• Brief
Nothing but the lines from the one containing "A very rare" through the last line of the data below should be returned, each exactly as it stands, pictures excluded.

Segment Start: Information shown

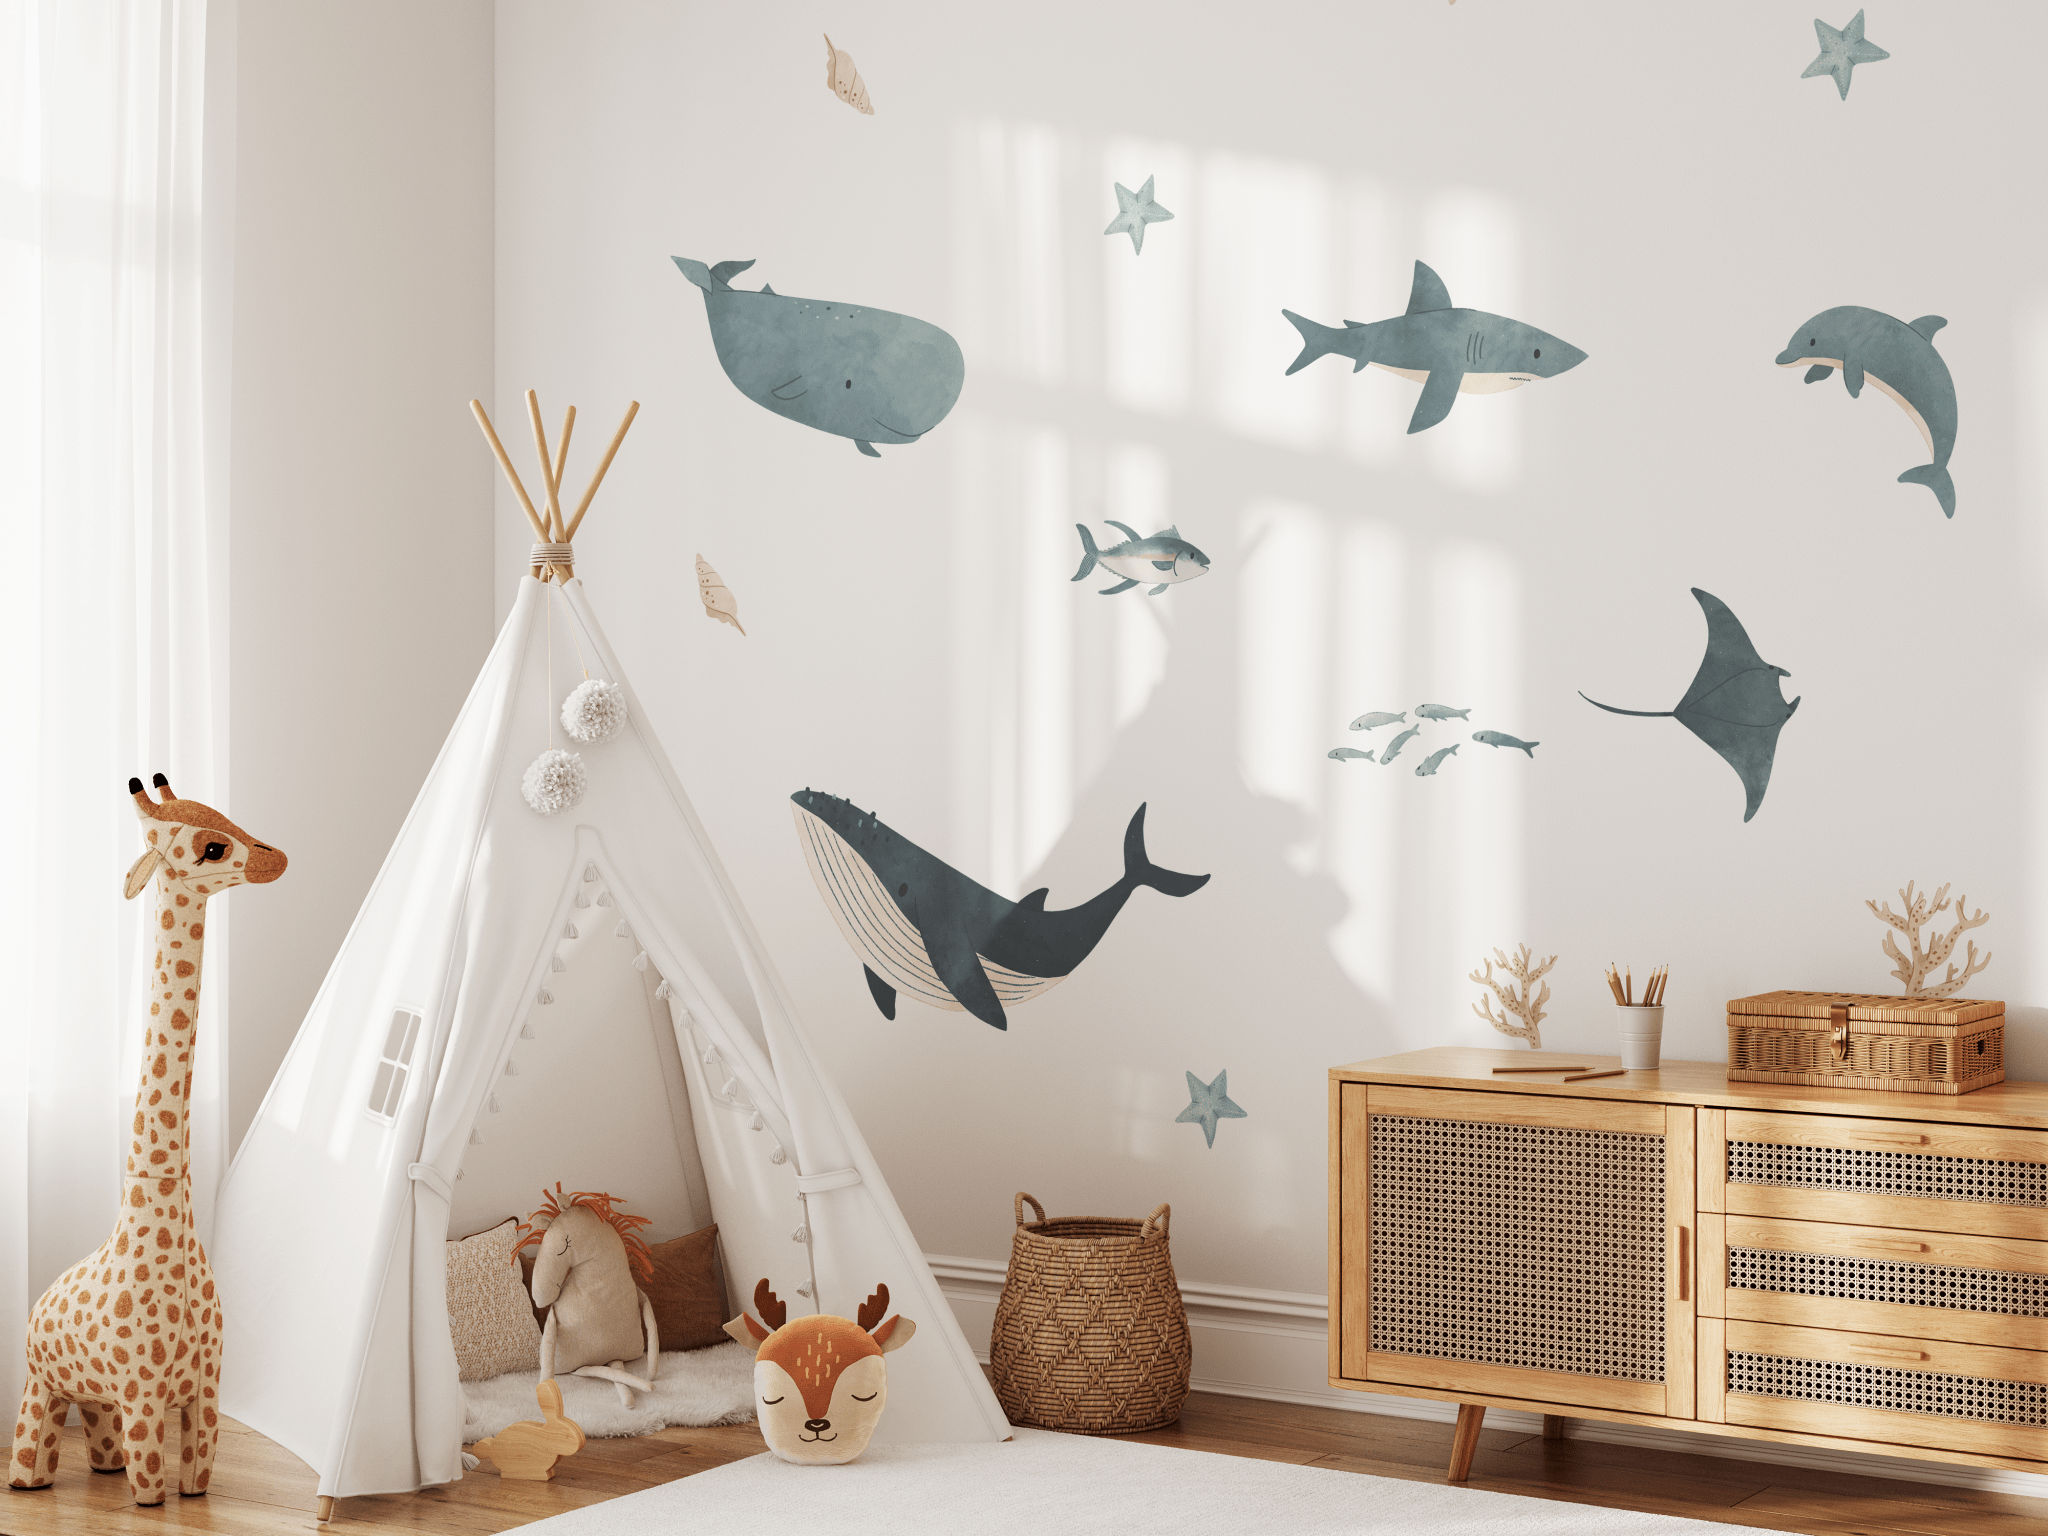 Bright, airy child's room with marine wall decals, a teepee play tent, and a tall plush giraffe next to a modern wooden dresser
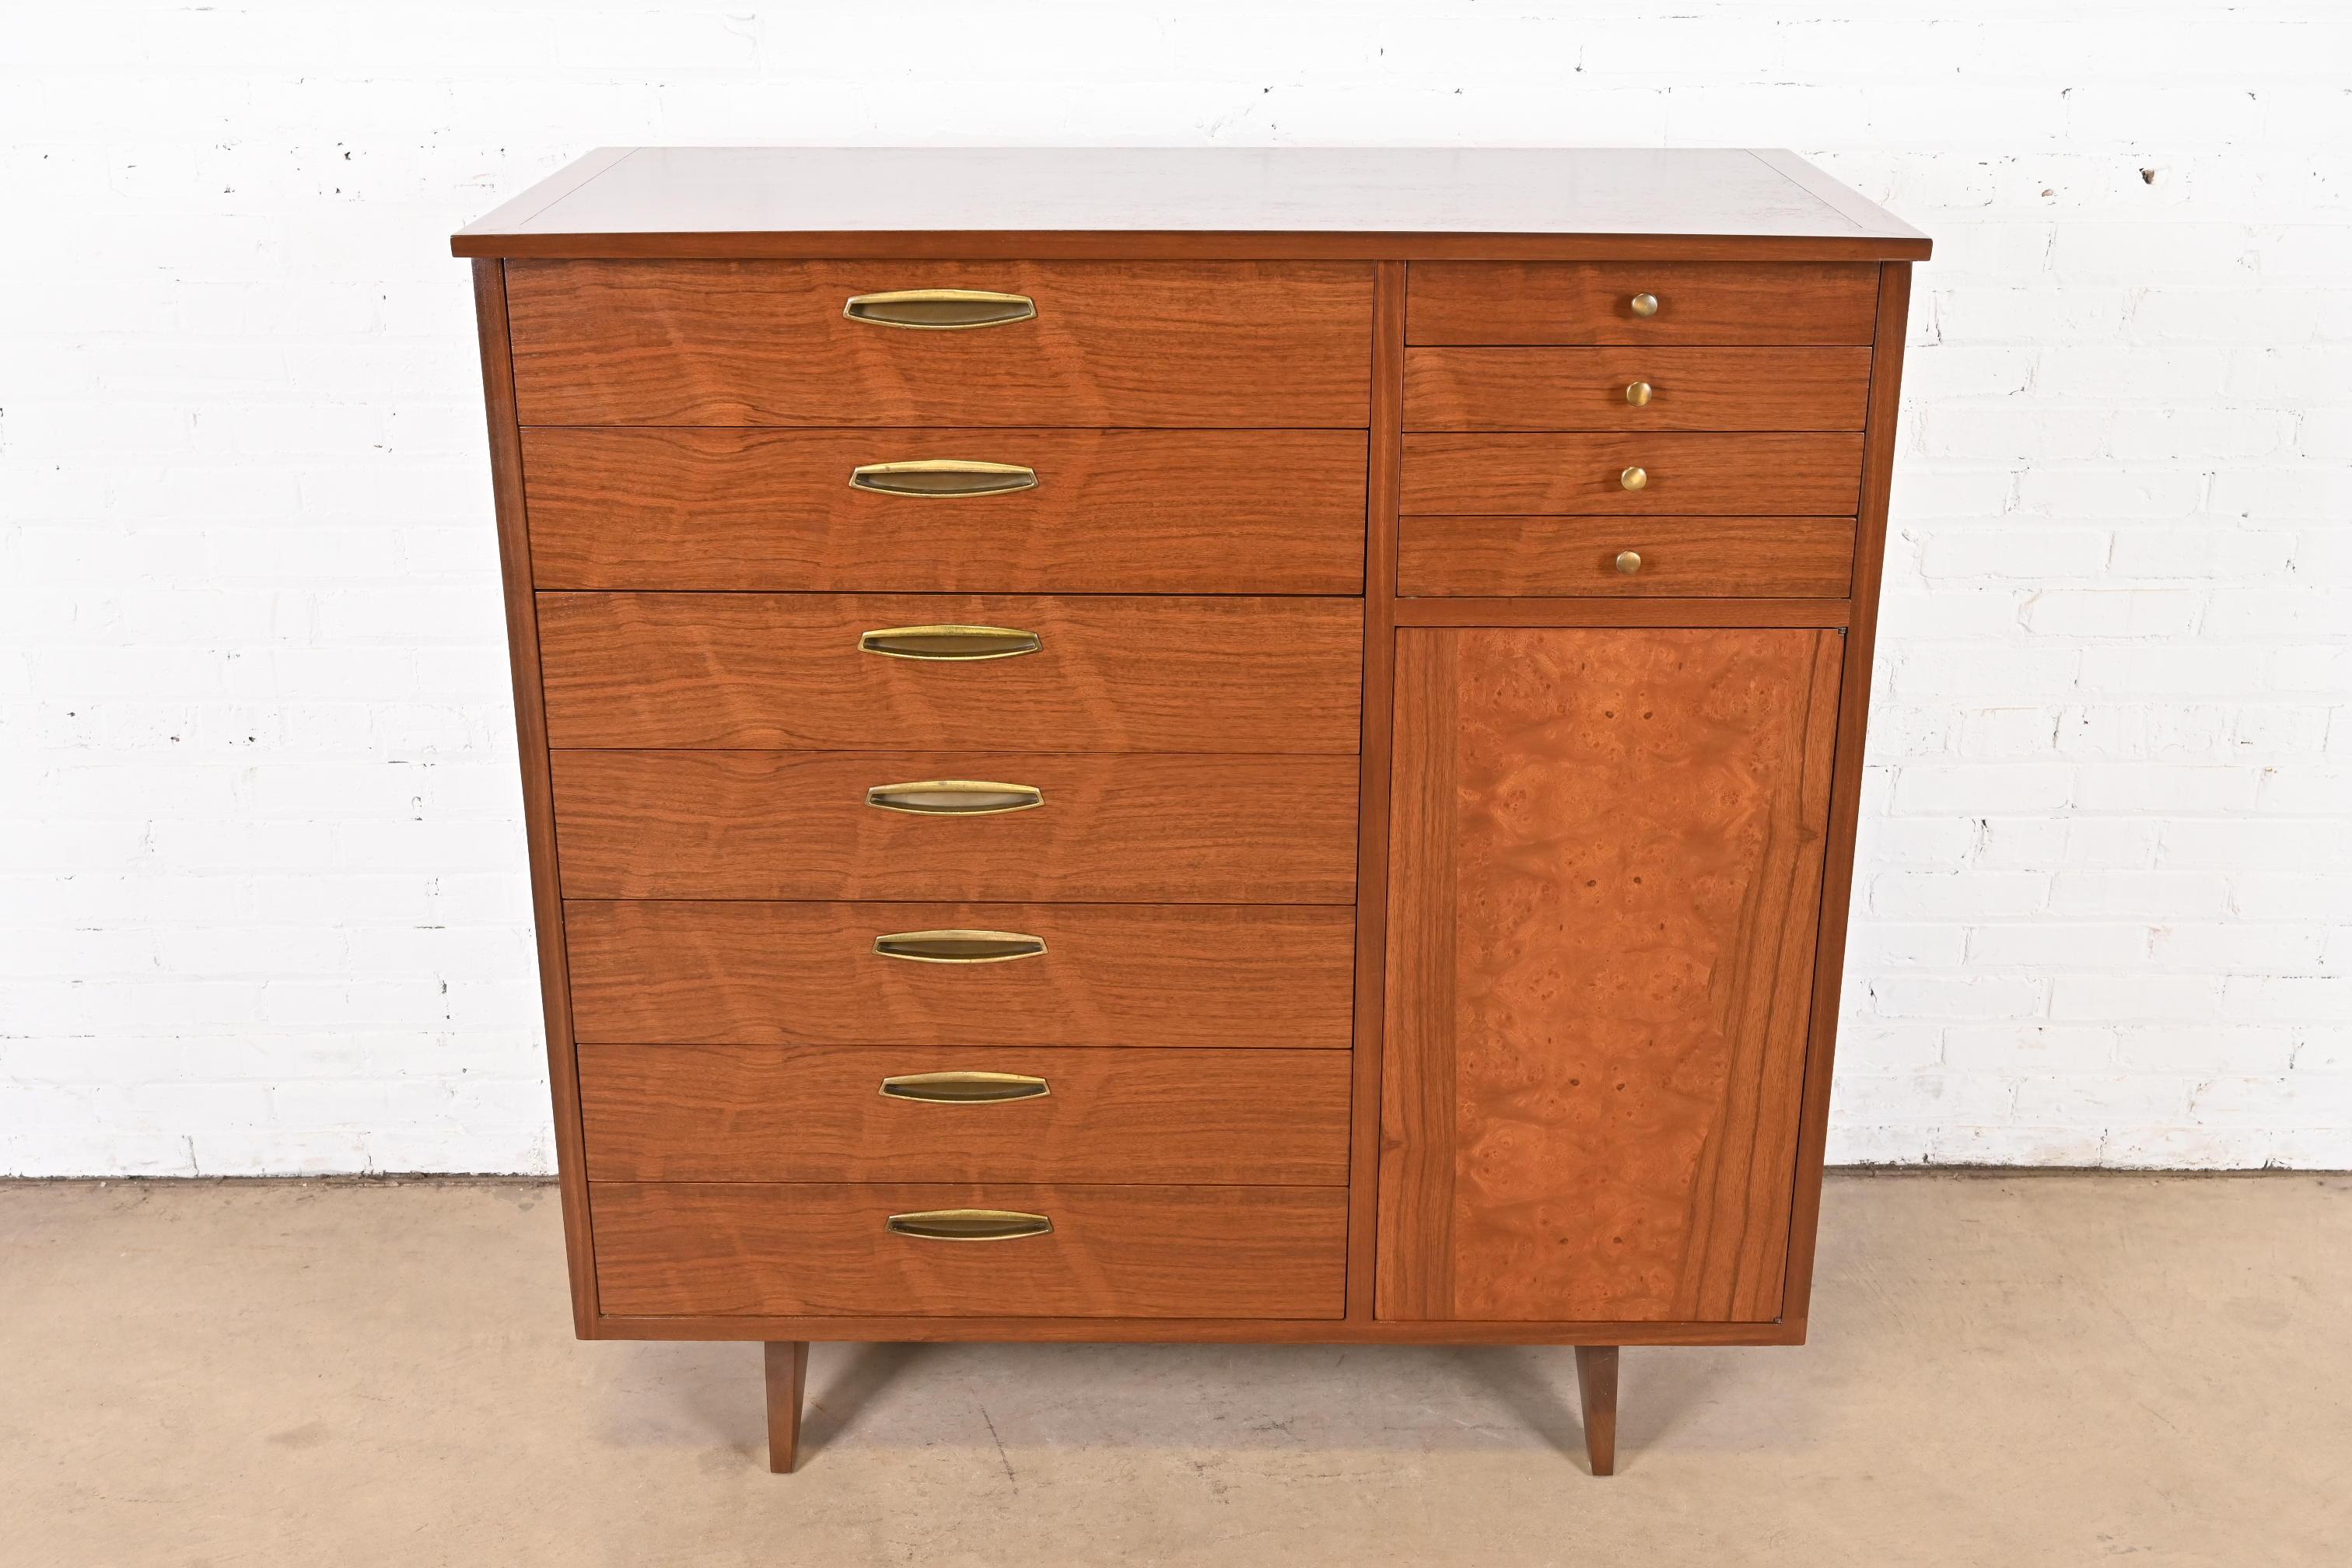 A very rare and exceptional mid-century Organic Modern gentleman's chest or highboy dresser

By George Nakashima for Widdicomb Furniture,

Segment End: Information shown

• Solution to this task
 A very rare and exceptional mid-century Organic Modern gentleman's chest or highboy dresser

By George Nakashima for Widdicomb Furniture,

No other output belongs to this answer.